California Wildfire Request:
The FCC issued a Public Notice (DA 17-1192) seeking comment on a request submitted by the California Department of Education request for waiver of certain E-rate rules and program requirements for schools affected by the State’s extensive wildfires. Comments are due January 11th; reply comments are due January 26th.
Proposed USF Contribution Factor for 1Q18:
In another action, the FCC issued a Public Notice (DA 17-1203) announcing the proposed Universal Service Contribution Factor of 19.5% for the first calendar quarter of 2018. The quarterly contribution factor represents the percentage of interstate and international telecommunications revenues to be paid by carriers and other contributors into the Universal Service Fund (“USF”). The higher the percentage goes, the more politically sensitive becomes USF funding and the underlying programs, including E-rate. Next quarter’s rate of 19.5%, up from 16.7% a year ago, is uncomfortably close to a landmark setting 20%.
The percentage rate is driven not only by the numerator, USF program expenses, which are increasingly subject to FCC caps, but by the denominator, telecom revenues, which have been falling.
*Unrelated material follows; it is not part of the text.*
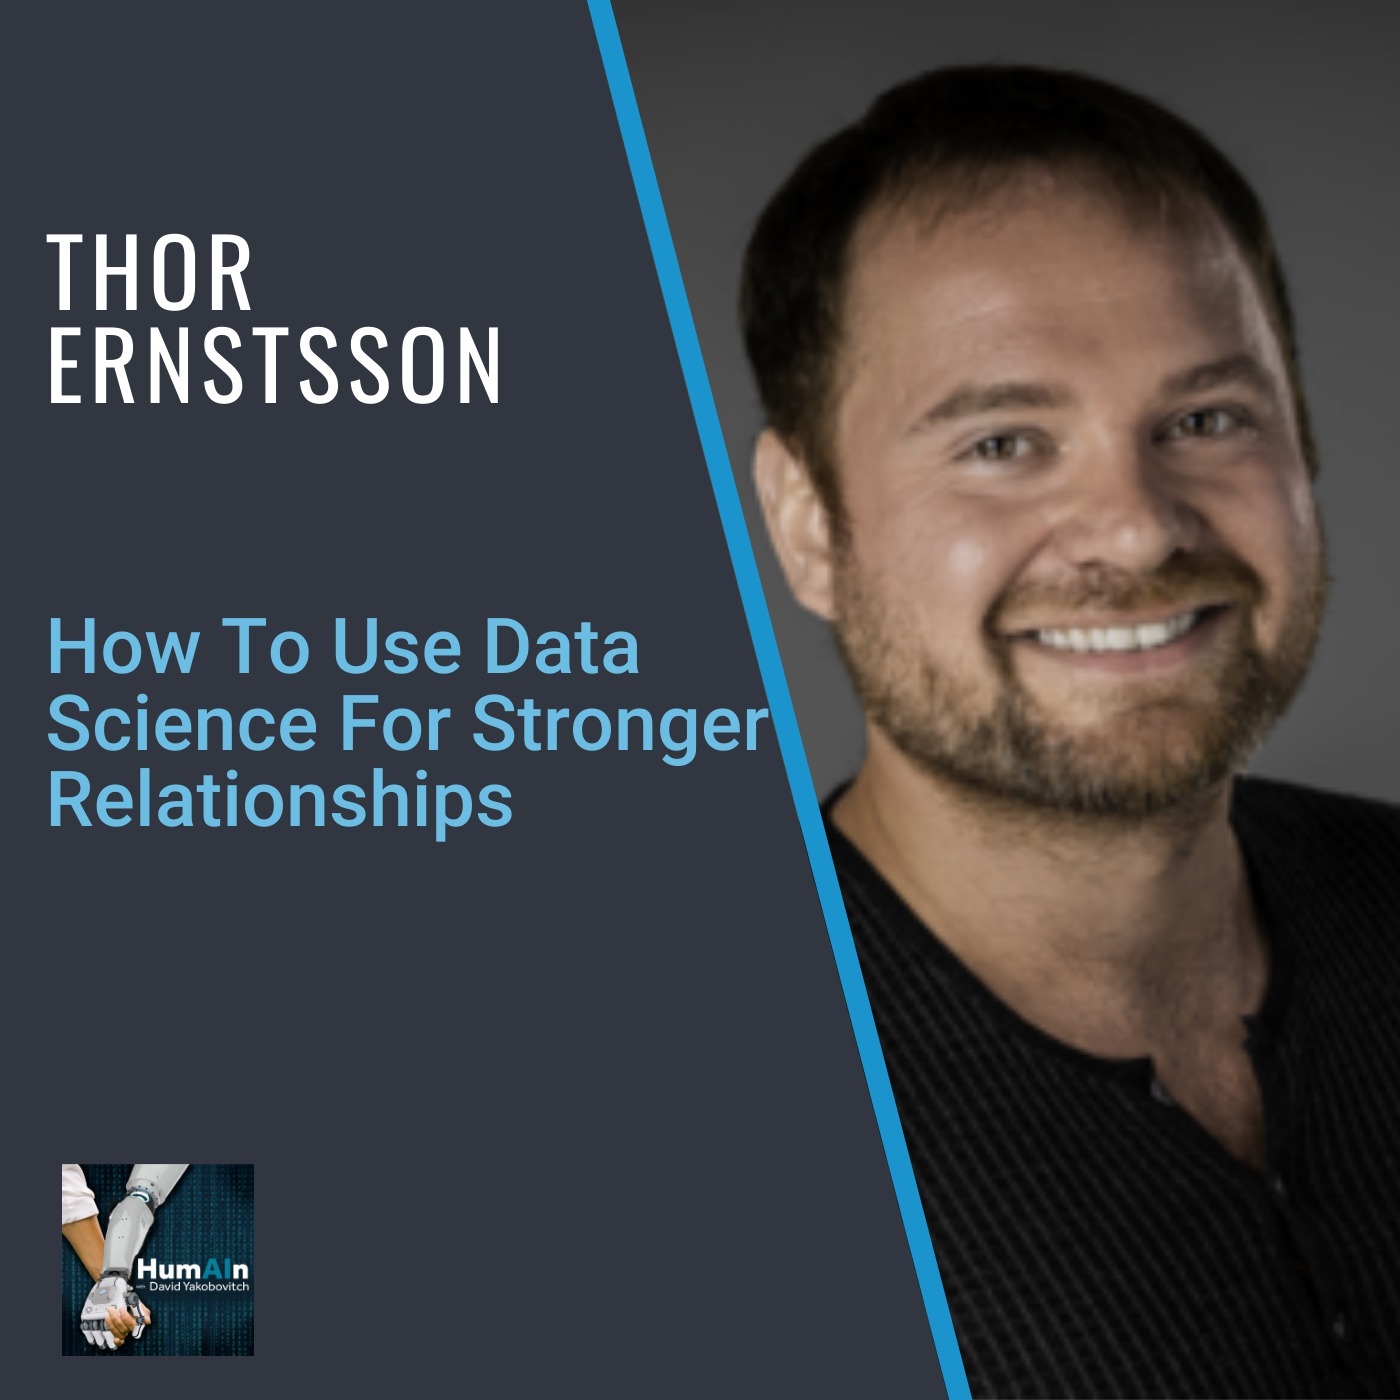 Thor Ernstsson: How To Use Data Science for Stronger Relationships

The FCC has had a proceeding underway for over five years to consider new sources of contributions, but has made little progress on coming up with a long-term solution to this problem.
USF Funds Transfer to the Treasury:
Recipients of USF funds, including BEAR reimbursements for E-rate applicants and SPI payments for service providers, are beginning to receive emails from USAC with the following message:
The move to transfer USF funds, currently held in commercial banks, to the U.S. Treasury is being made, in part, on the recommendation of OMB. It is expected to take place next April. Once the transfer is made, electronic transfers to the recipients will henceforth come from the Treasury. This may require some recipients to update “originator” codes in their bank accounts, but should otherwise be transparent. As indicated in the emails, additional information will be provided next year.
E-Rate Training Material:
USAC’s annual fall training sessions were held this year in Charlotte, Minneapolis, Portland, and Washington DC. Presentation slides for these training sessions are available online. USAC also did a webinar last week entitled “Applicant Training Highlights.” Other useful instructional videos and webinar recordings may be found in USAC’s Online Learning Library.